地下二层很空旷,正中央的基座上,四个仿生科学家站著待命。
“守住门,苍蝇都不许放进来。”陈彦的声音很冷硬。
“是。”龙一转身堵在铅门处,拉动了枪栓。
陈彦走到基座前,意念微动。
一台近百平米的黑色机器凭空出现在基座上。
2025款cvd/hpht混合金刚石合成机。
哑光的金属外壳上布满管线,通电后,幽蓝色的指示灯亮了起来。
“西方人把钻石包装成爱情,但在我这儿,它就是碳,是最硬的工业牙齿。”
陈彦伸手拍了拍机壳,眼神很狠。
这年头,工业钻石是西方严格禁运的命根子。
没这玩意儿,精密工具机的刀头就是软脚虾,地质勘探的钻头就是绣花针,连特么拉制细钨丝都费劲。
“启动。”
四名仿生科学家迅速归位,手指在操作台上飞快操作。
嗡——!
传来一阵低沉的轰鸣声。
高压泵压缩空气,甲烷和氢气注入反应腔,微波发生器开始运转,数千度的等离子体火球在腔体內被点燃。
碳原子开始快速沉积,一层层,一克拉一克拉。
七天后,它们將凝结成会让工业部那帮老头子疯狂的硬通货。
“七天一炉,纯度99.9%。
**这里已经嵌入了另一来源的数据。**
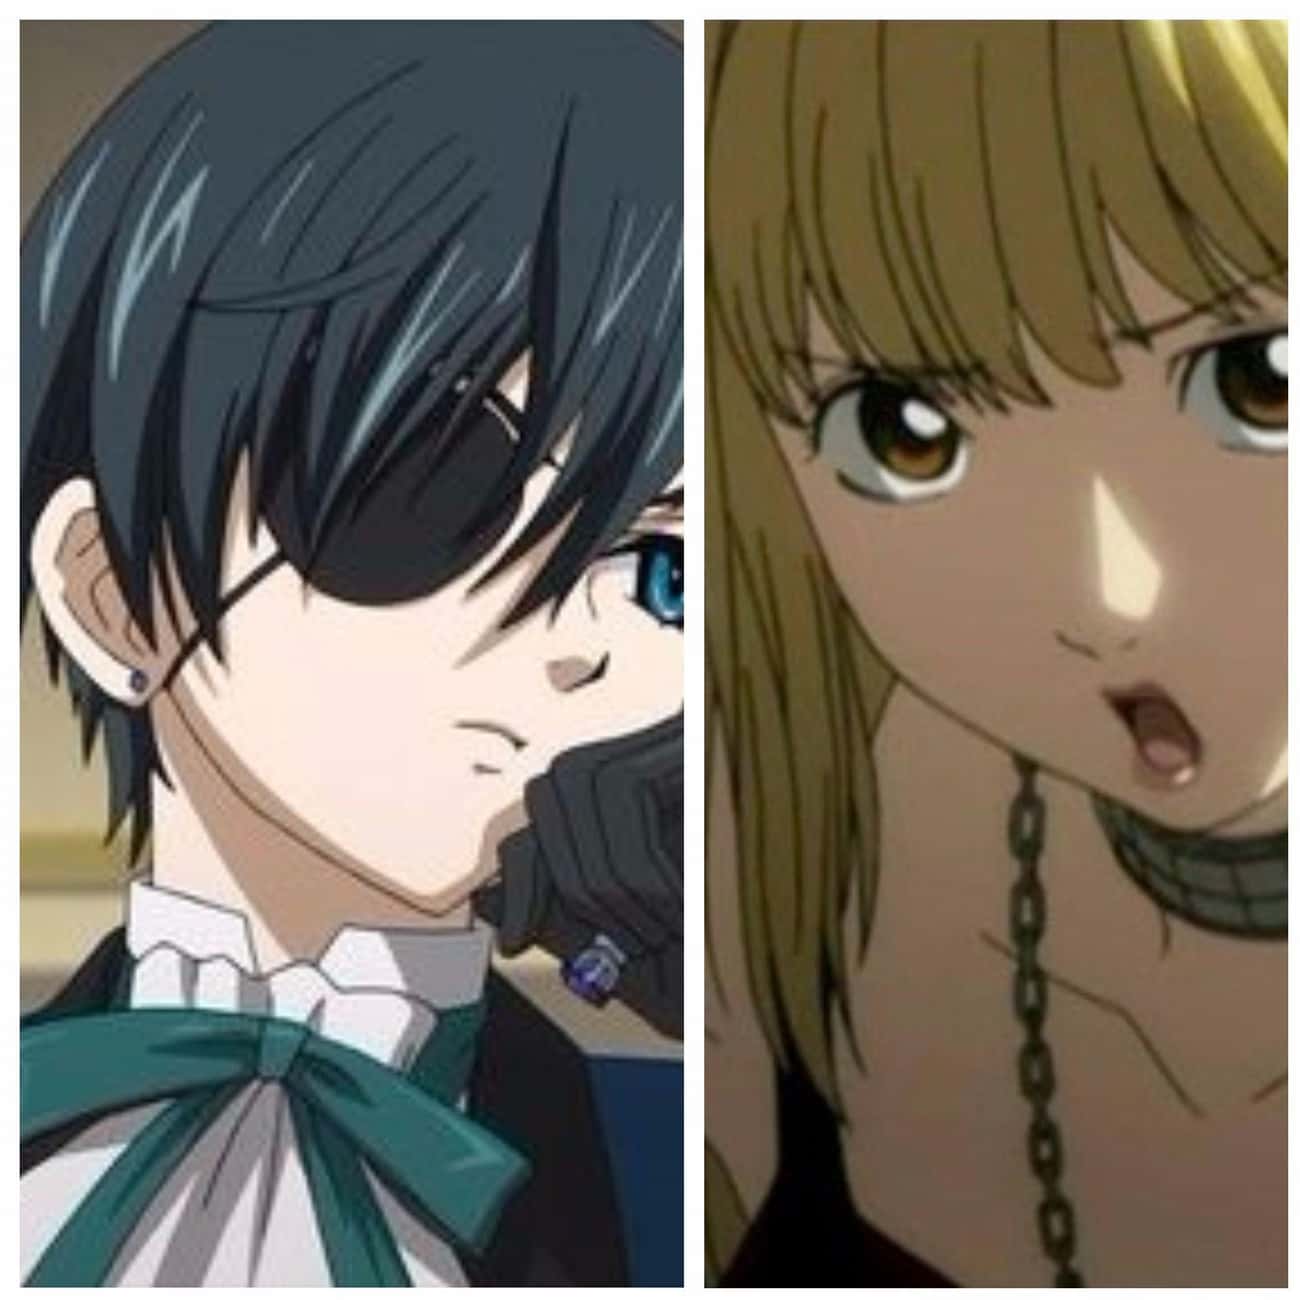 Ciel Phantomhive From Black Butler And Misa Amane From Death Note

”陈彦扫了一眼数据面板冷笑一声,“戴比尔斯要是知道我这一炉顶他们半年,估计棺材板都压不住了。”
他转身离去,身后是机器的轰鸣声。
…
一忙就是多半天。
从地下室回到地面,正午的阳光刺眼。
刚到地面广场,陈彦就看到了一群人。
何雨柱满头大汗地站在一辆解放卡车旁,手里拎著个搪瓷缸子,正衝著几个人嚷嚷:“腰杆子挺直嘍!都別缩著脖子!这也就是咱们主任仁义,换別人谁搭理你们!”
他对面,站著两家子穿著破烂的农民。
秦大宝和秦大山两兄弟,各自背著发黑的铺盖卷,婆娘怀里抱著掛著清鼻涕的娃,畏畏缩缩地挤成一团。
他们惊恐地打量著四周。
远处高耸的烟囱,红砖厂房整齐排列,脚下是平整的柏油马路。
这一切对他们来说,比年画里的天宫还要不真实。
“这就是…陈主任的地盘”秦大宝咽了口唾沫,声音都在发颤,“妹夫,这地儿咱能踩吗我这鞋底全是泥…別给踩坏了…”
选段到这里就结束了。